The trial court did not rely merely upon the records of arrest and conviction to find that N.R. posed a threat to public safety. Instead, the court reviewed the facts underlying these events, which included the testimony of the officer who had responded when N.R. assaulted her son, had seen the injury inflicted upon her son and heard N.R.'s own threats to kill her son and herself. These facts revealed N.R. to have violent propensities, to act on those propensities, inflicting injury upon her son and even telling the responding police officers that if they did not remove her son, she would kill him. Even if we accepted N.R.'s argument as excluding consideration of the evidence contained in the records that were expunged, the expungement order did not erase these underlying events, which were presented through competent testimony. In light of the public's interest in preventing individuals deemed statutorily unfit from possessing firearms, Cordoma, supra, 372 N.J. Super. at 537, the State's interest in having such information available outweighs any legitimate interest in having the information excluded from consideration. See State v. Zemak, 304 N.J. Super. 381, 384-85 (Law Div. 1997).

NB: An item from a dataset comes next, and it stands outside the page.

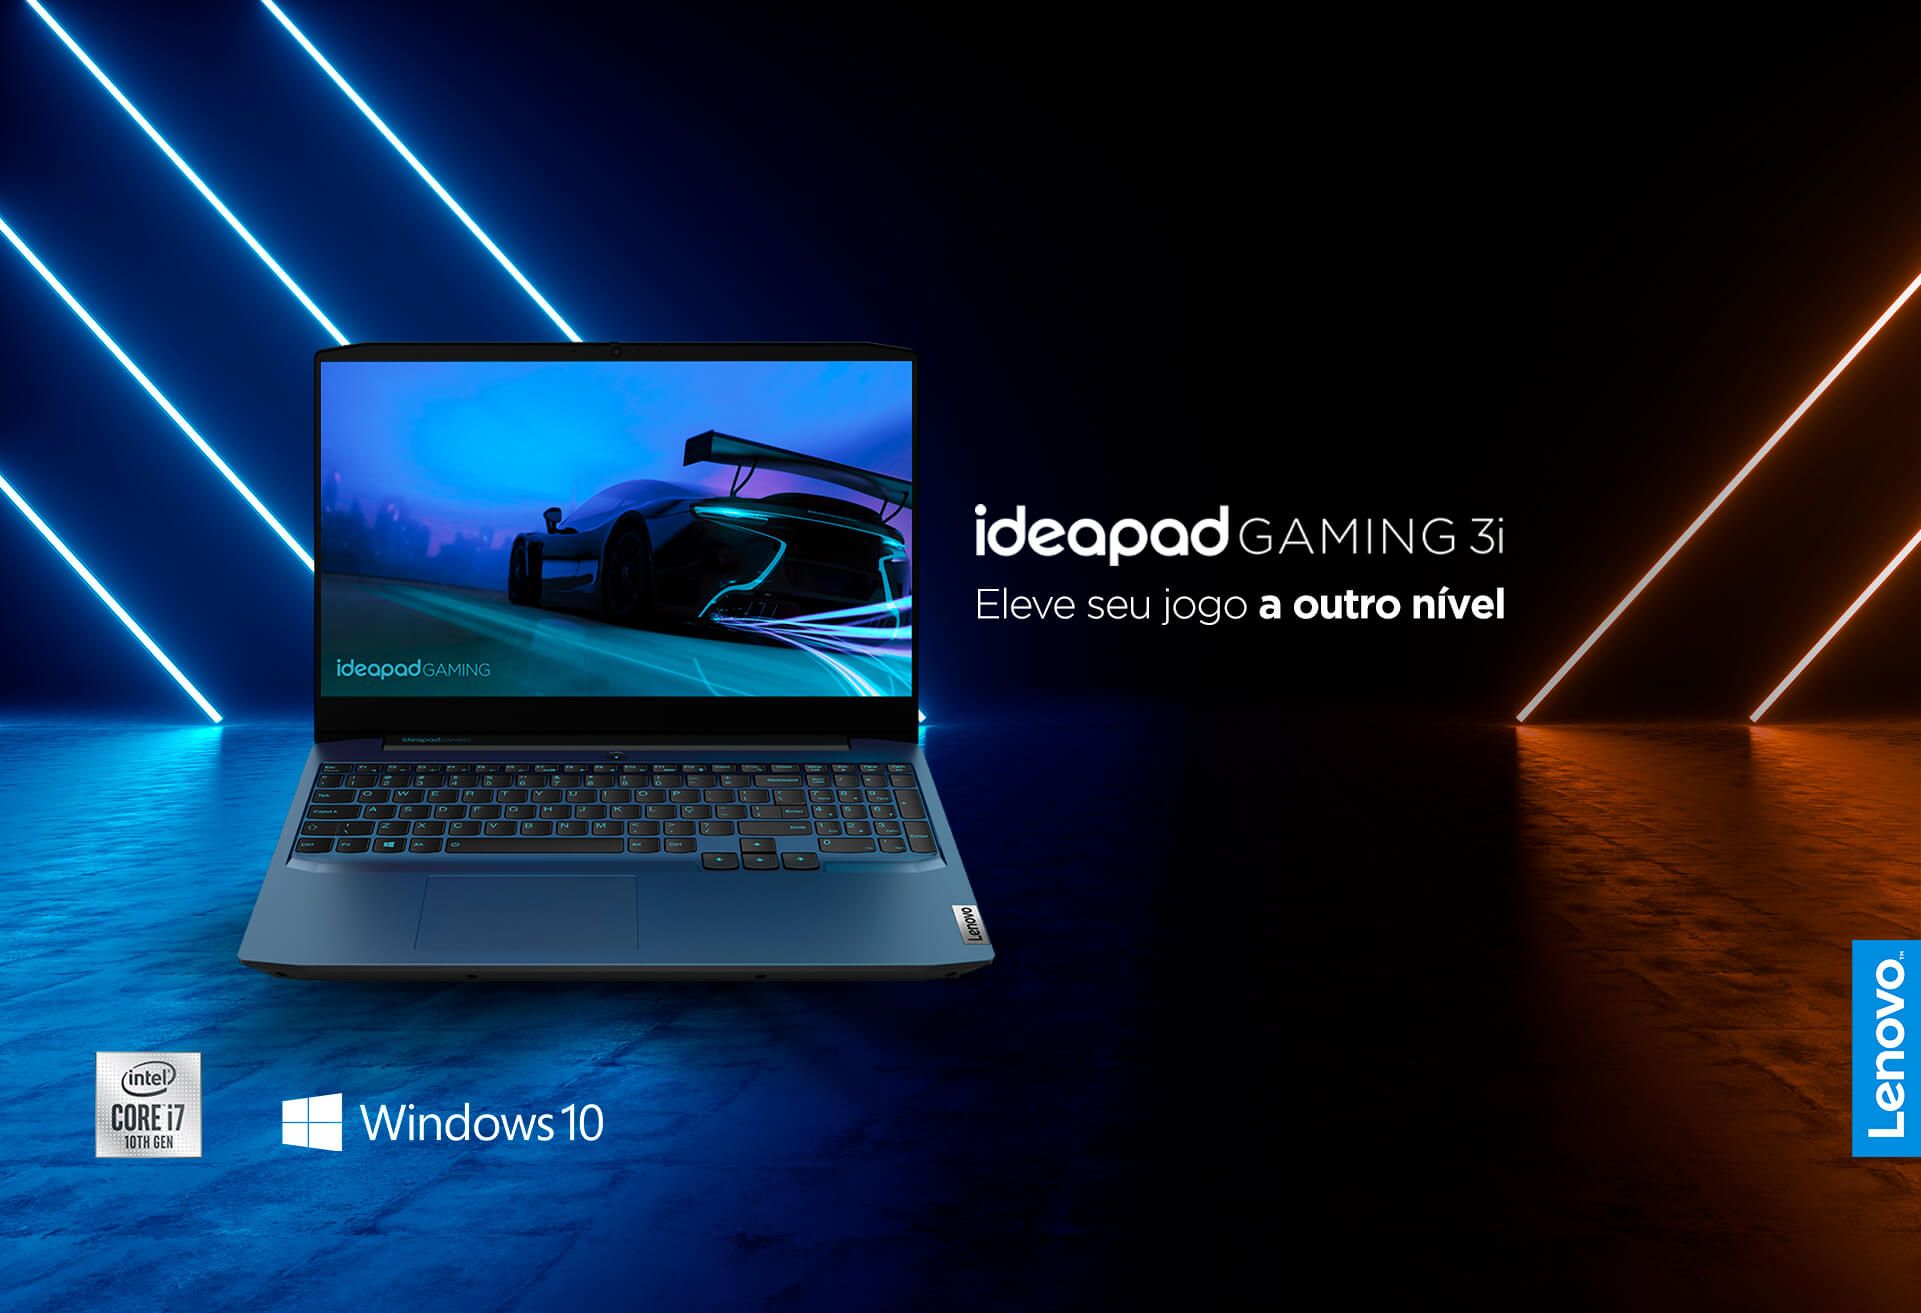 Lenovo ideapad gaming i5. Lenovo IDEAPAD i3. Notebook Lenovo Gamer 3i. Lenovo IDEAPAD Gaming 3i. Lenovo IDEAPAD Gaming 3i 2022.

Moreover, as previously noted, N.R. did not object to the testimony of Sergeant Lomonte or Deputy Chief Mayer. "The jurisdiction of appellate courts rightly is bounded by the proofs and objections critically explored on the record before the trial court by the parties themselves." State v. Robinson, 200 N.J. 1, 19 (2009). Because this issue is raised for the first time on appeal, our review is limited to "a search for plain error, Rule 2:10-2[.]" State v. Nesbitt, 185 N.J. 504, 516 (2006). Even if we accepted N.R.'s argument that the expunged "records on file" could not be considered, Sergeant Lomonte's testimony based upon his first-hand knowledge of her assault and threats to kill her son and herself are sufficient to support a finding that she was unfit to possess firearms pursuant to N.J.S.A. 2C:58-3(c)(5). See Cunningham, supra, 186 N.J. Super. at 507. Therefore, we do not find plain error here.